La mensa che non parte
"La situazione più eclatante riguarda senza dubbio la mensa e – di conseguenza – la possibilità di effettuare il tempo pieno. Al momento, alla luce dell’ultimo avviso pubblicato sui diari dei nostri figli, non c’è alcuna certezza sulla data di partenza del servizio. La spiegazione che viene fornita è la mancanza di candidati in risposta alle necessità della scuola per assicurare l’assistenza necessaria: tutti avrebbero rifiutato l’incarico".

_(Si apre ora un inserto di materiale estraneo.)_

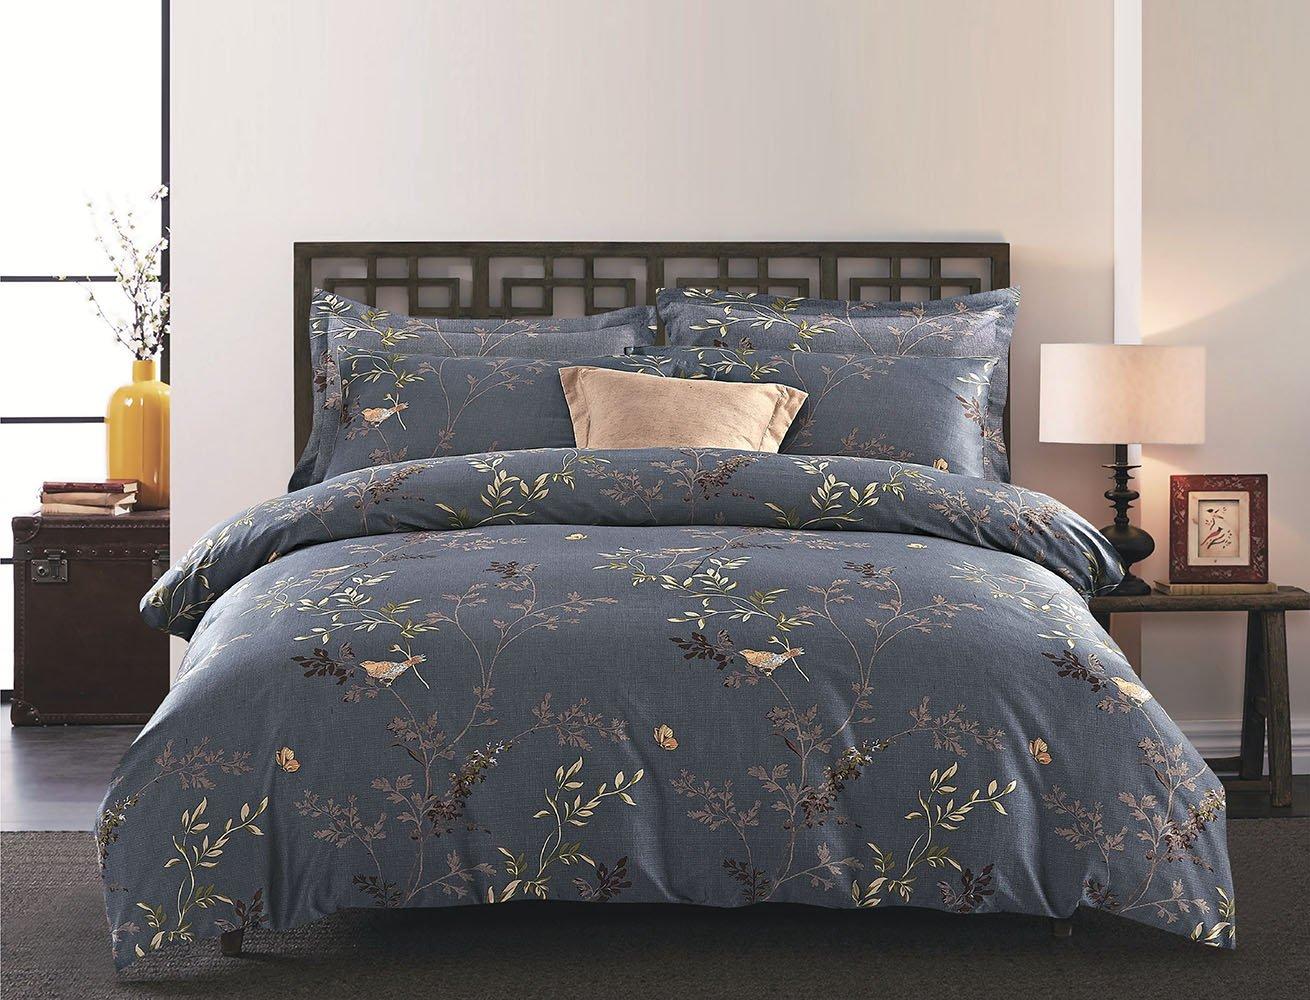 Wake In Cloud 3pcs Gray Comforter Set King, Birds Floral Flowers Leaves Pattern Printed On Dark Grey, Soft Microfiber Bedding (King Size)
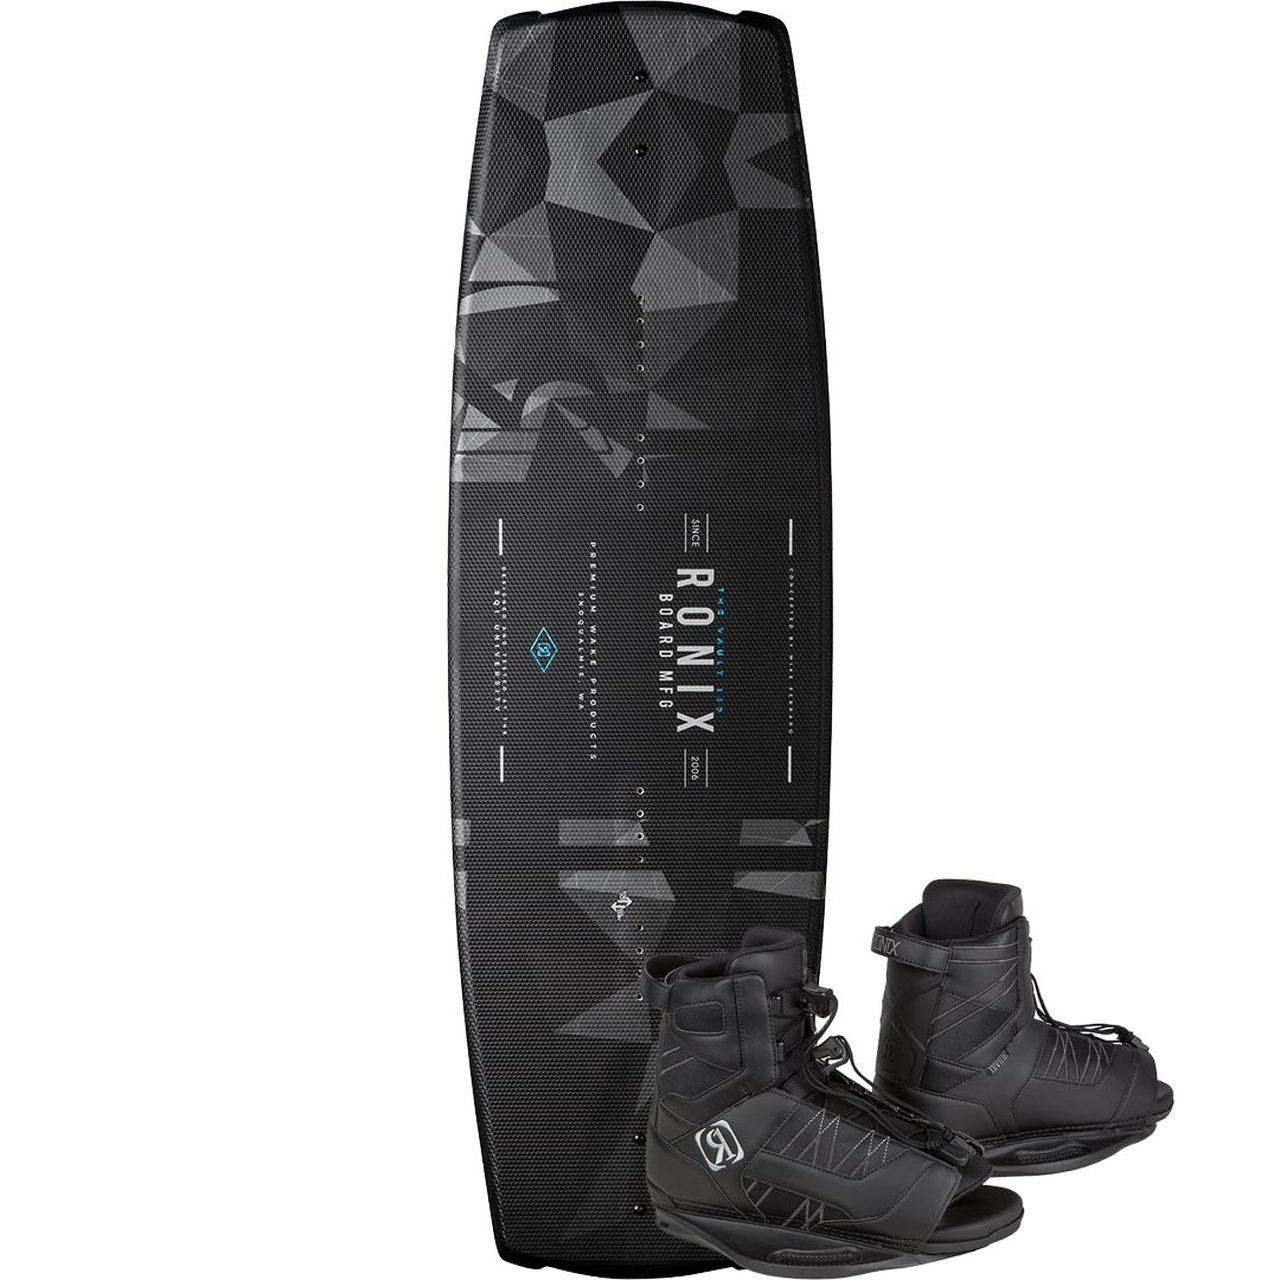 Ronix Vault 134 Combo w/ Divide 7.5-11.5 Boots

"Ci chiediamo come sia possibile che questo capiti solo da noi, visto che nella stragrande maggioranza degli istituti torinesi la mensa è già avviata da almeno una settimana. Solo noi siamo così “sfortunati”? O forse qualcosa si è inceppato nelle modalità (e magari nei tempi) di reclutamento del personale?
Intanto, l’orario resta quello di partenza: 8.10-12.10 (con sfasatura di qualche minuto a seconda delle classi) e con difficoltà sempre più grandi da parte dei genitori e delle famiglie per gestire i tempi della vita privata con quella lavorativa".

Mascherine
"Un altro aspetto che aumenta il nostro sconforto riguarda la gestione delle mascherine. Consegnate (secondo quanto riferisce il sito del MIUR) in ampia dotazione e nei tempi previsti, sono state consegnate ai bambini soltanto nella giornata di martedì 29 settembre, peraltro a seguito di sollecitazioni da parte di noi genitori".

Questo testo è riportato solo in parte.